◆ TASK DETAILS:
Copy out the listing in full, exactly as written, but not its pictures.

◆ INFORMATION SUPPLIED:
• • •

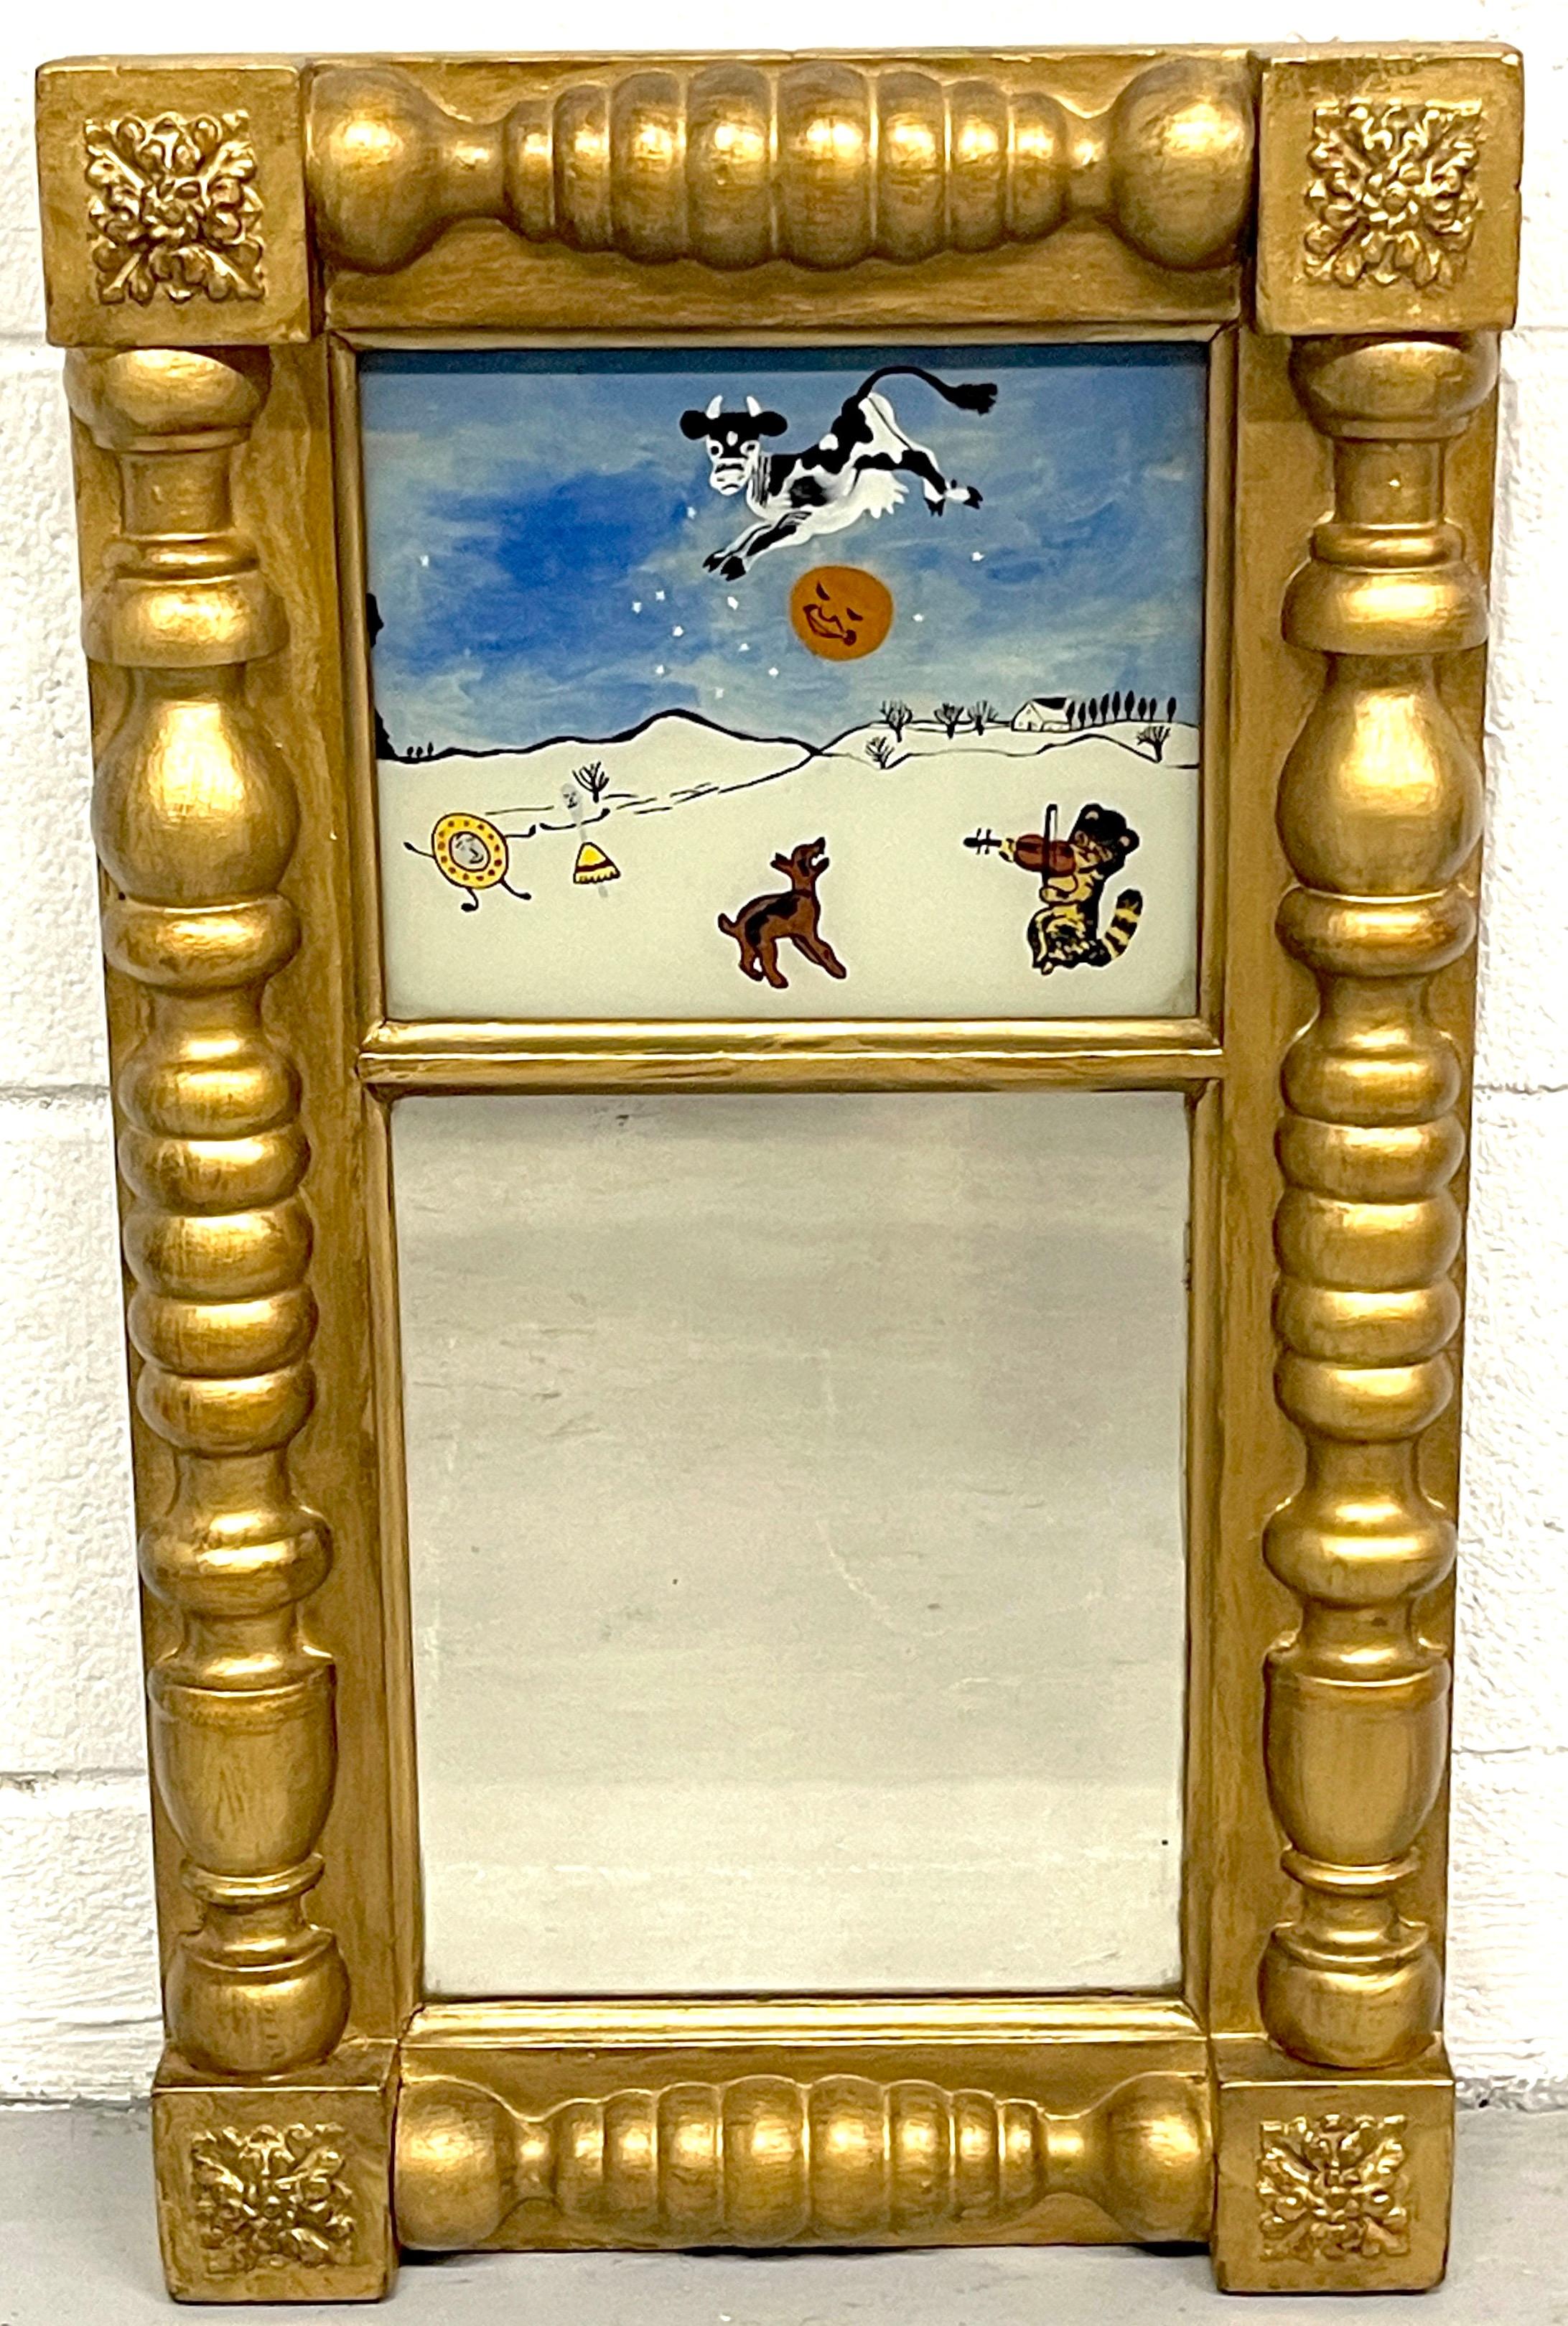 Antique English Reverse Painted 'Hey Diddle Diddle' Eglomise Child's Mirror 
England, Circa 1850s

A true rarity, a diminutive gilt Eglomise /reverse painted mirror depicting the English nursery rhyme Hey diddle, diddle!.
Finely executed with

• • •

◆ WRITTEN RESPONSE:
 Antique English Reverse Painted 'Hey Diddle Diddle' Eglomise Child's Mirror 
England, Circa 1850s

A true rarity, a diminutive gilt Eglomise /reverse painted mirror depicting the English nursery rhyme Hey diddle, diddle!.
Finely executed with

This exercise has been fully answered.